La doctrina anteriormente expuesta ha de conducir a la estimación del recurso, acordando la división de la vivienda, con respeto al derecho de uso atribuido, que deberá llevarse a cabo en ejecución de sentencia por los trámites establecidos en el artículo 552.11 del Codi Civil de Catalunya, LIBRO V aprobado por Ley 5/2006 de 10 de mayo relativa a los derechos reales.

CUARTO.- De conformidad con lo dispuesto en el artículo 398 de la LEC siendo la estimación parcial, no se hace imposición de costas a ninguna de las partes.

Fallo

Que ESTIMANDO EN PARTE el recurso de apelación formulado por la representación de Dª. Piedad contra la sentencia dictada en fecha 11 de diciembre de 2007 por el Juzgado de Primera Instancia núm. en los autos de Divorcio nº 162/2007 de los que dimana el presente rollo, SE REVOCA EN PARTE la expresada resolución, ACORDANDO:

-Como régimen de visitas y permanencias entre madre e hijo, se establece: los fines de semana alternos desde la salida del centro escolar el viernes hasta la tarde del domingo, siendo la hora máxima de devolución las 21 horas; la totalidad de las vacaciones escolares de Semana Santa, la mitad de las vacaciones escolares de Navidad y la mitad de las vacaciones escolares de verano que quedarán distribuidas en dos periodos, comprendiendo el primero de ellos desde el día siguiente a la finalización del curso escolar, hasta el 31 de julio y el segundo período, desde el 1 de agosto hasta el día anterior al comienzo del curso escolar, correspondiendo la primera mitad de dichos periodos a la madre en los años pares y al padre en los impares y viceversa, todo ello sin perjuicio de los acuerdos que alcancen los padres.

- La división de la vivienda que constituye el domicilio familiar sita en Abrera, DIRECCION000 núm.

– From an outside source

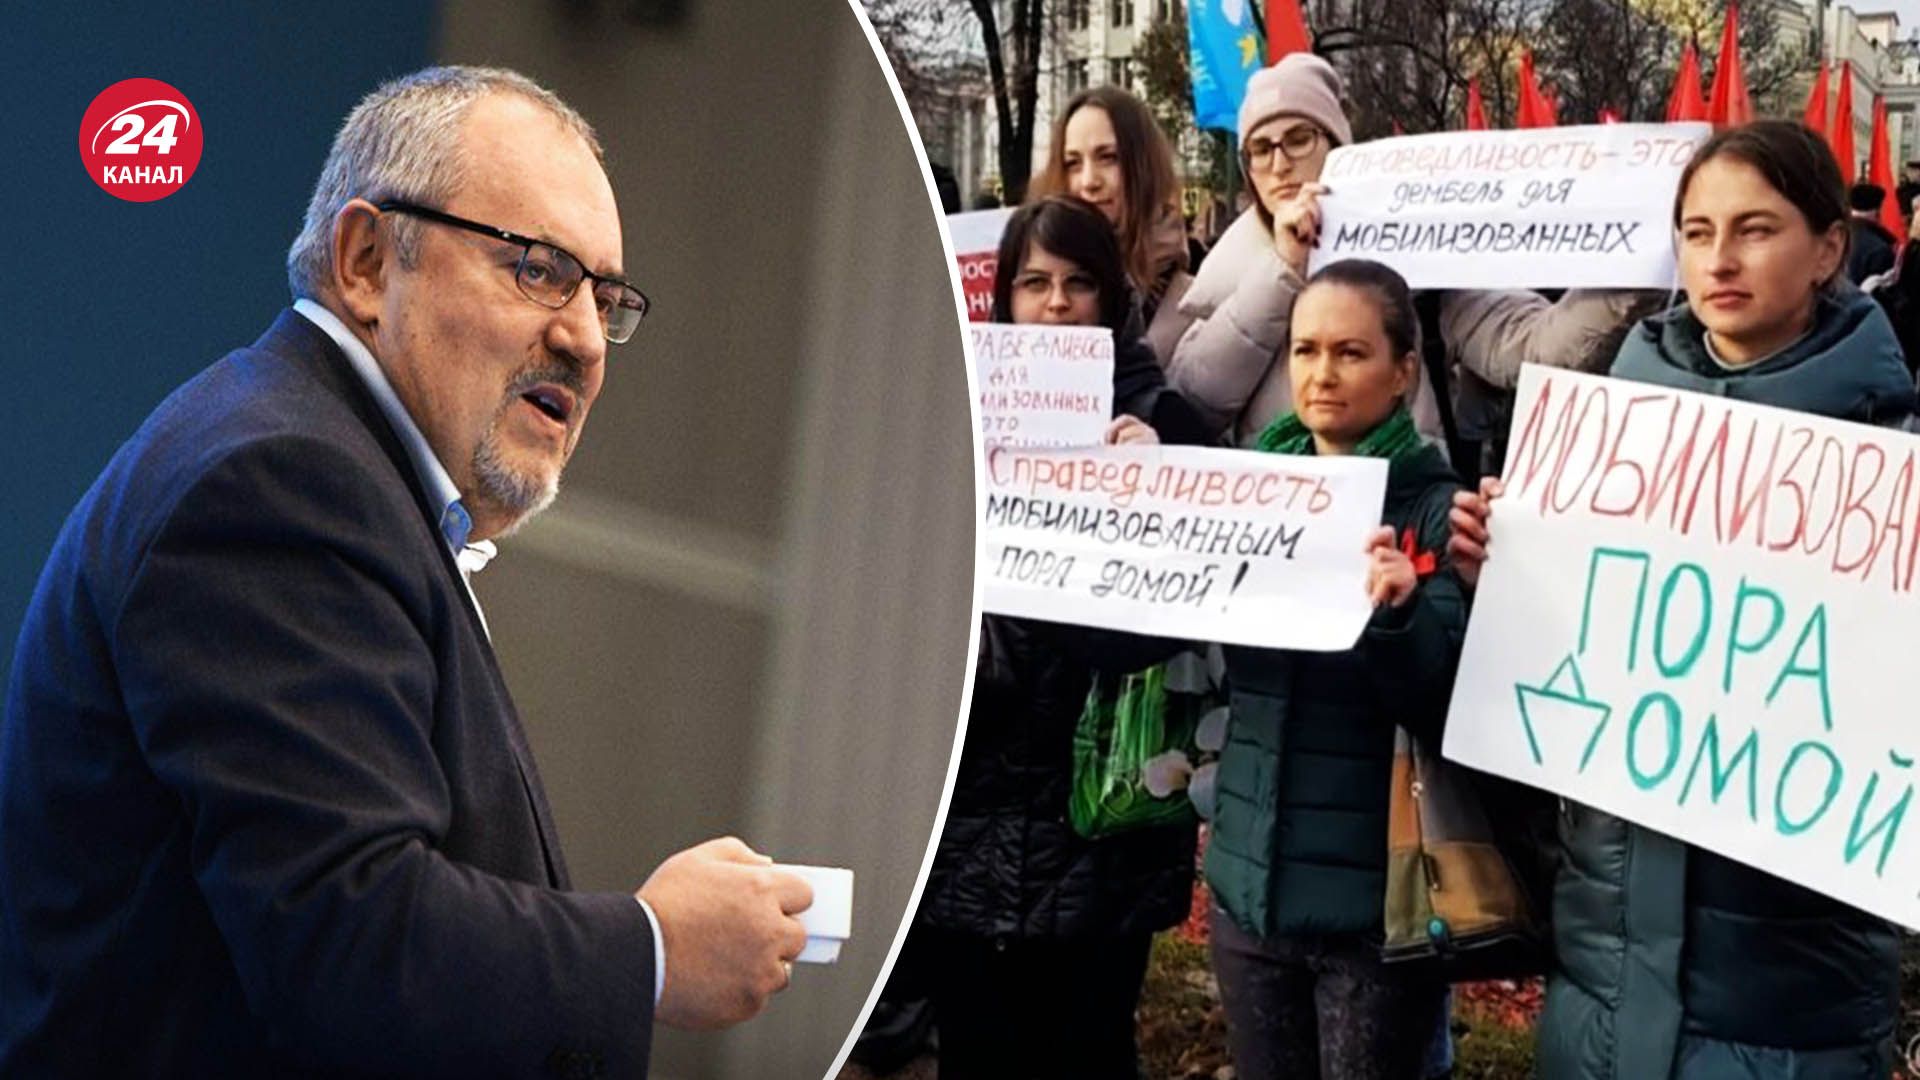 Борис Надеждин поддержал движение жен мобилизованных - какие шансы противника Путина - 24 Канал

NUM000 , que se llevará a cabo en ejecución de sentencia, con respeto del derecho de uso por los trámites establecidos en el artículo 552.11 del Codi Civil de Catalunya, LIBRO V aprobado por Ley 5/2006 de 10 de mayo relativa a los derechos reales.

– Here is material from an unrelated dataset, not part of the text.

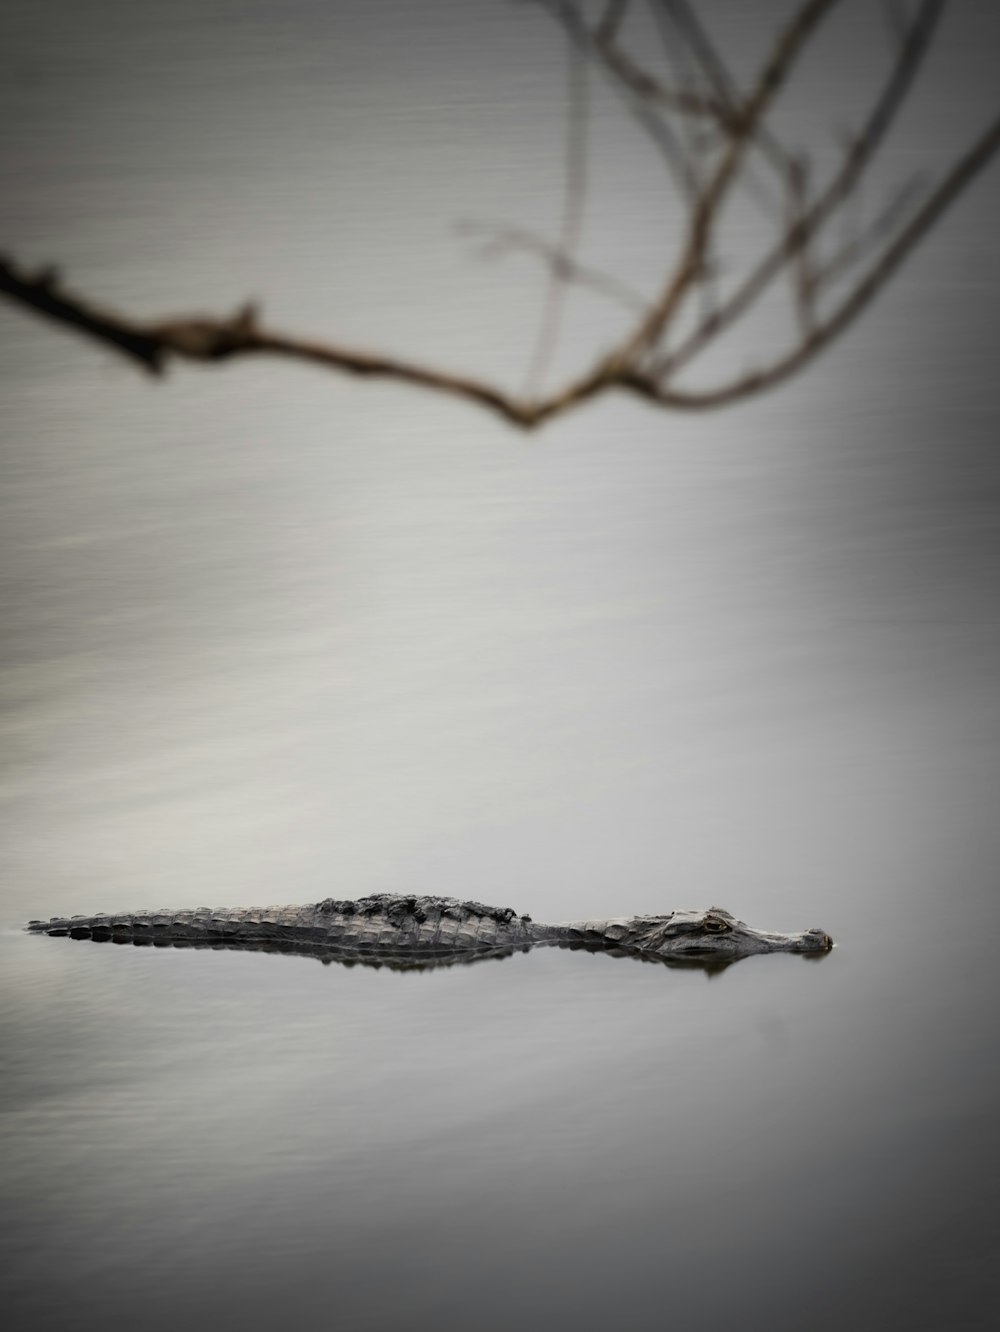 Ein kleiner Alligator schwimmt im Wasser

Con mantenimiento de todo lo demás establecido y sin hacer expreso pronunciamiento en cuanto a las costas de la presente apelación.

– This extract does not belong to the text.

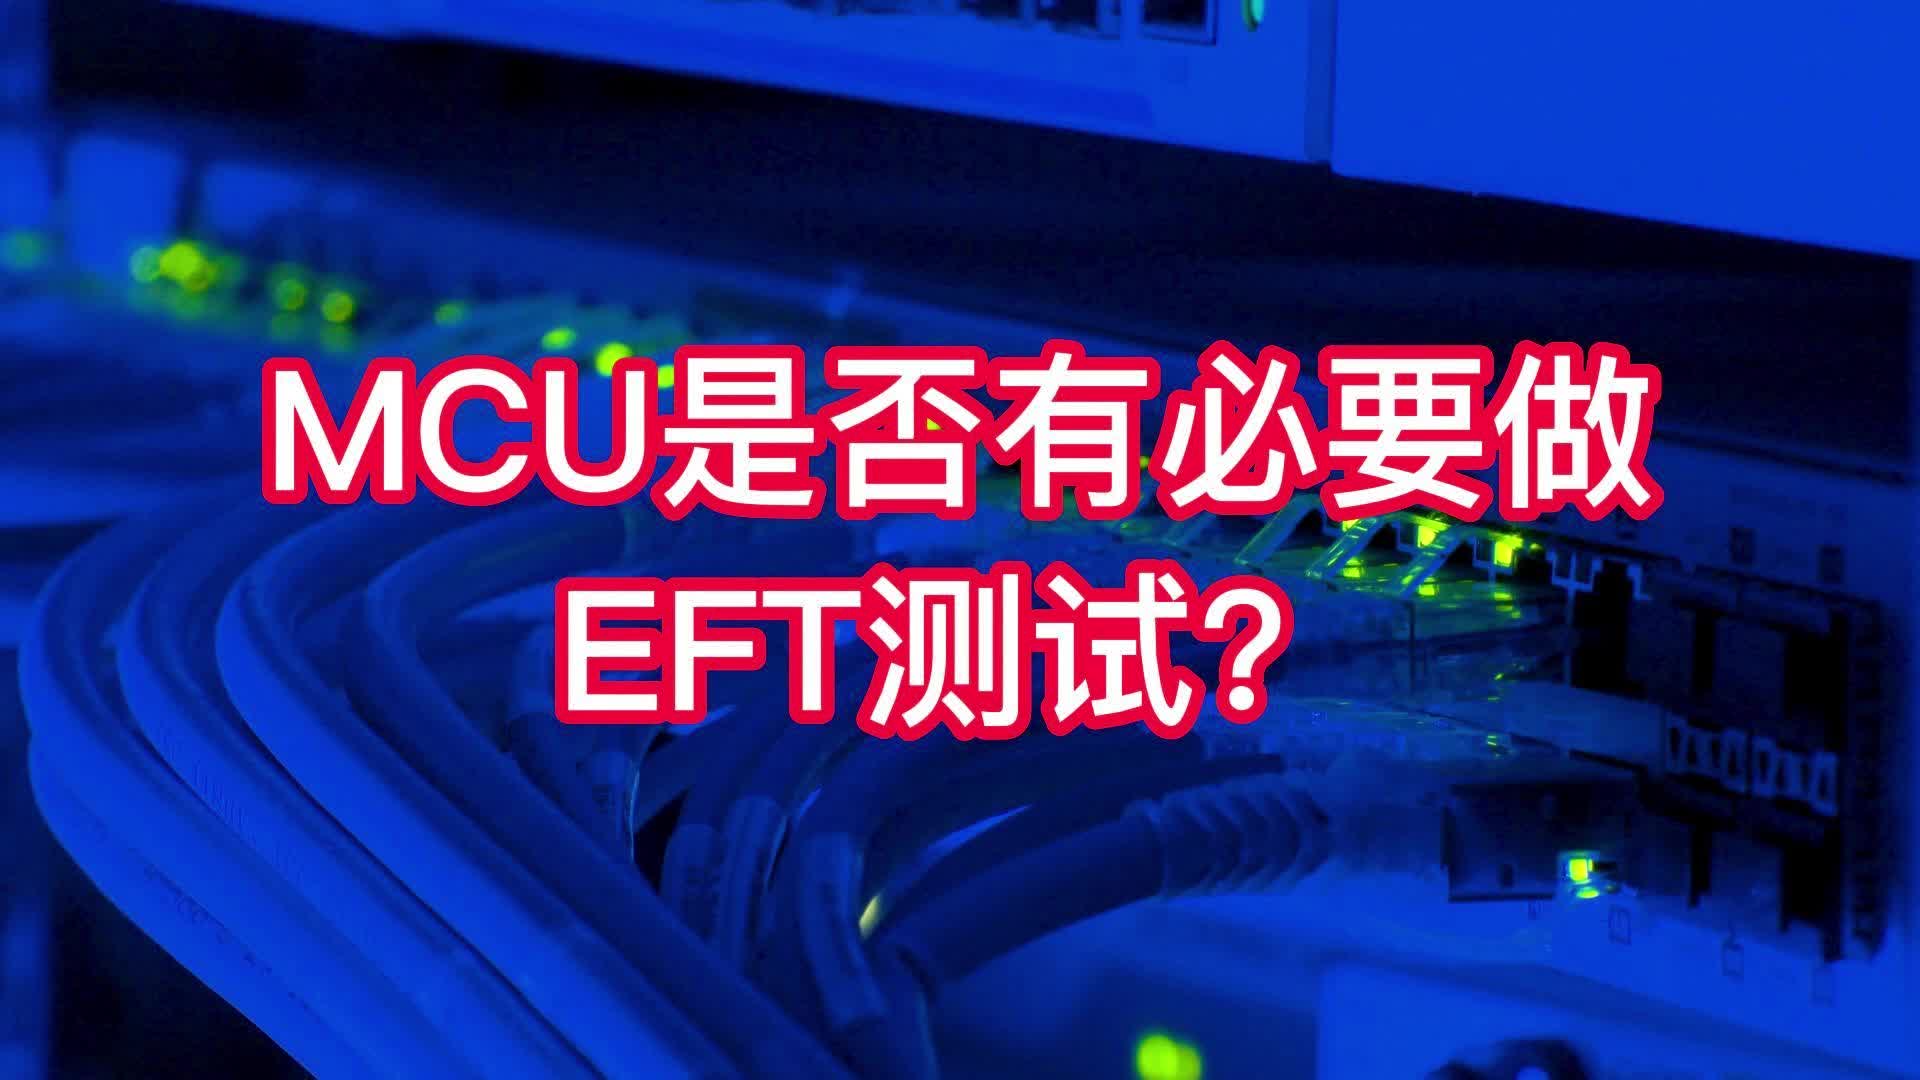 MCU是否有必要做EFT測試？#嵌入式開發 #電路設計 #電子工程師 @

Y firme que sea esta resolución, devuélvanse los autos originales al Juzgado de su procedencia, con testimonio de la misma para su cumplimiento.

Así por esta nuestra sentencia, de la que se unirá certificación al rollo, lo pronunciamos, mandamos y firmamos.

PUBLICACION.- Esta sentencia ha sido leída y publicada el mismo día de su fecha por el magistrado ponente, y se ha celebrado audiencia pública. DOY FE.